Culling and zooming to 100% puts the system to full load / crash of dt / Windows blue screen
Describe the bug
In lighttable while culling, e.g. using two pictures in my selection, I zoom to 100%. Depending on the pictures, the CPU gets to 100% load quite soon, RAM fills up completely. This status takes very long time, rendering the whole system more or less unresponsive. Sometimes, this ends up in an application crash or even a blue screen. This was not happening ~2-3 months (perhaps even longer) ago on the same system.

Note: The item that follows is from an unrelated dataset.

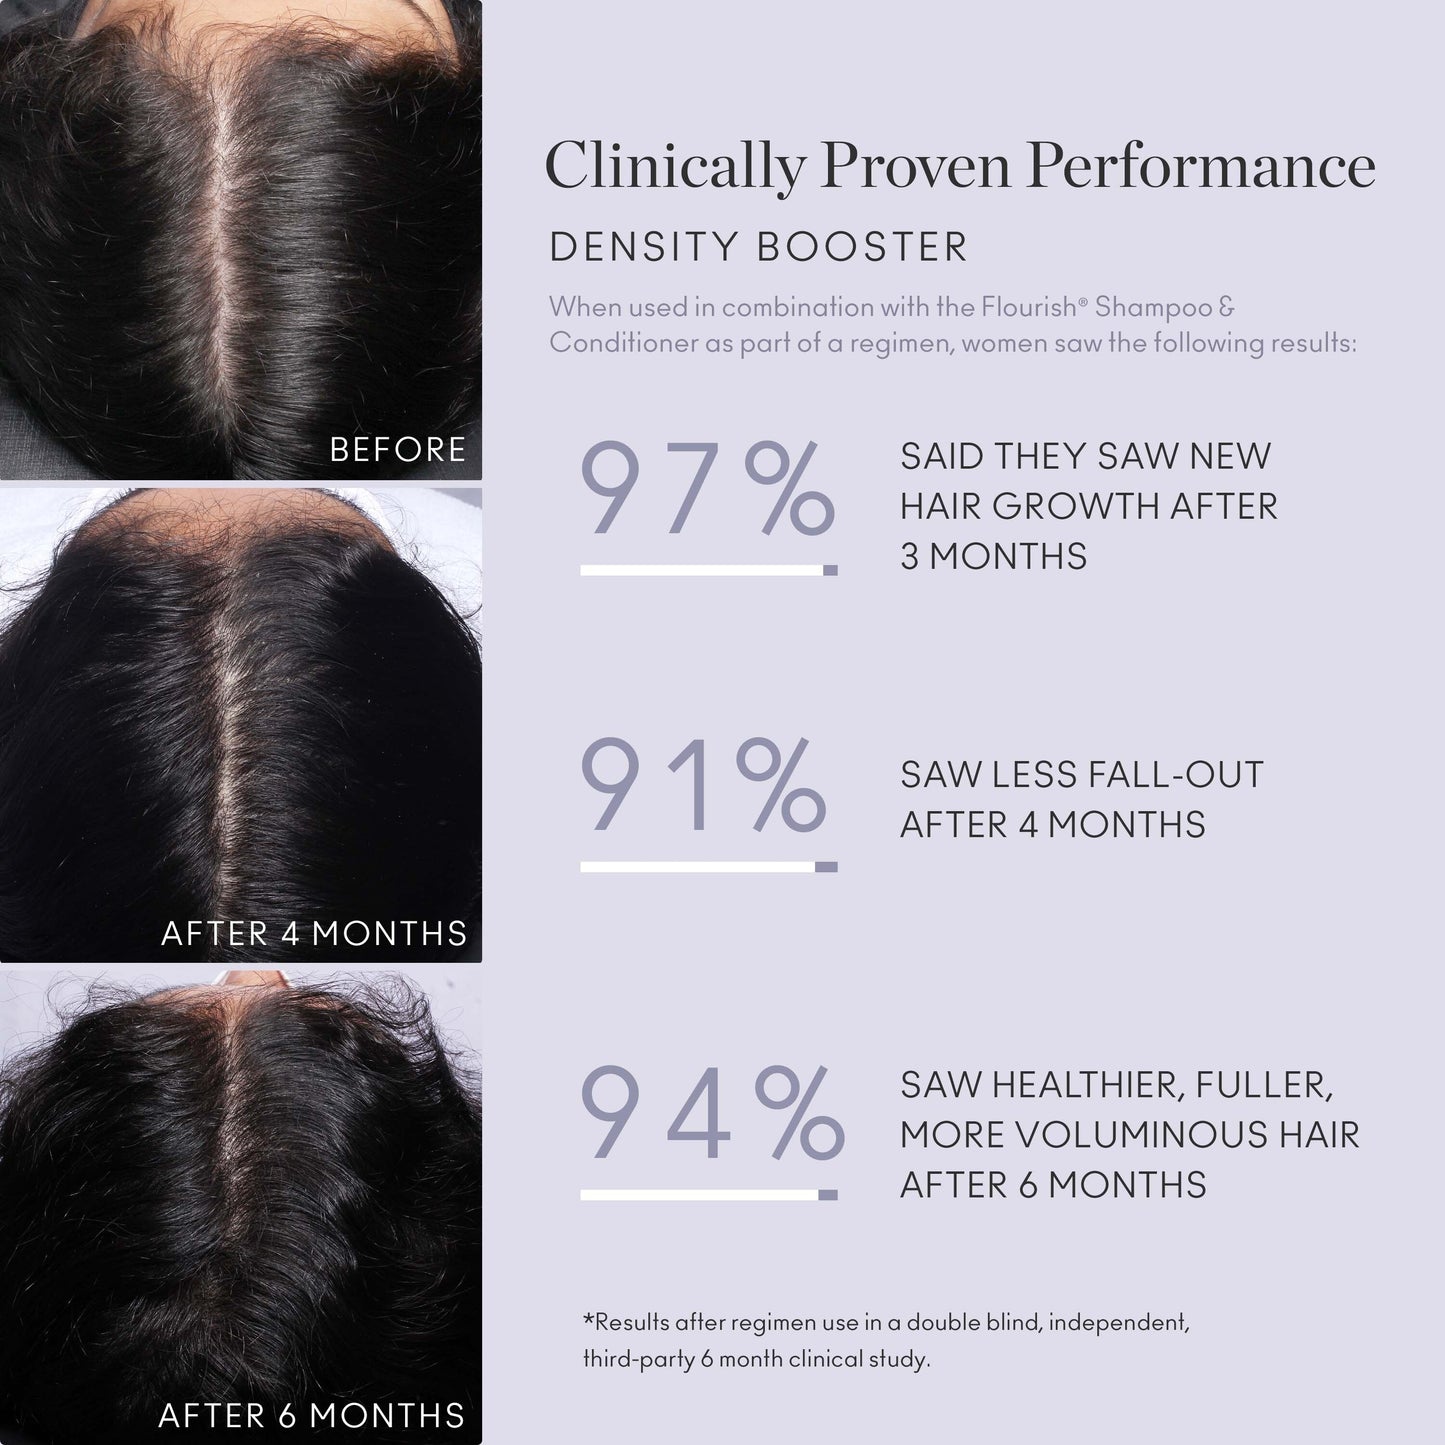 DENSITY BOOSTER Stimulates | Strengthens | Thickens

The application crash is reported in Windows event viewer for darktable\bin\gdbus.exe => C:\WINDOWS\System32\ucrtbase.dll
Some crashes also involved the nvidia driver C:\WINDOWS\System32\DriverStore\FileRepository\nvamsi.inf_amd64_e3b048849db4cdea\Display.NvContainer\NVDisplay.Container.exe
Working with the pictures in darkroom is fine, the overall response normal and fluent.
Steps to reproduce
Select two pictures (see attachment) for culling, then quickly zoom to 100%, e.g. using the mouse-wheel. The issue occurs in full screen mode (F11) or without.
Expected behavior
being more responsive, neither crash nor blue screen would be fine
Logfile | Screenshot | Screencast
darktable-log.txt darktable-log_06_zoom_100perc_2_pictures_culling_crash_bluescreen.txt
Commit
No response
Where did you obtain darktable from?
self compiled
darktable version
4.9.0+865~gf3a78631ad
What OS are you using?
Windows
What is the version of your OS?
Windows 11
Describe your system?
Laptop, Intel i5 8265U, 8GB RAM, nvidia GTX 1050 Max-Q Design (4GB)
Are you using OpenCL GPU in darktable?
Yes
If yes, what is the GPU card and driver?
nvidia GTX 1050 Max-Q Design (4GB), driver 561.09
Please provide additional context if applicable. You can attach files too, but might need to rename to .txt or .zip
2 NEF with related XMP: picture_01.zip picture_02.zip
I can't think of anything introduced in dt that could lead to increased memory requirements that could be the culprit right now.
Two points from your log:
2,9664 [dt_get_sysresource_level] switched to 2 as `large'
2,9664 total mem: 8043MB
sounds hairy. Pretty small memory taking lot's of resources at least might be a problem depending on the mem already use by the OS or other running apps.
USE HEADROOM: 400Mb
might be very small if other apps (like firefox for example) or the OS make use of the nvidia card.
Please check.
Thanks for looking into this so quickly - I double checked on my computer
- my GPU has already been configured to be just used by darktable
- I changed options > processing > darktable resources from "large" to "default"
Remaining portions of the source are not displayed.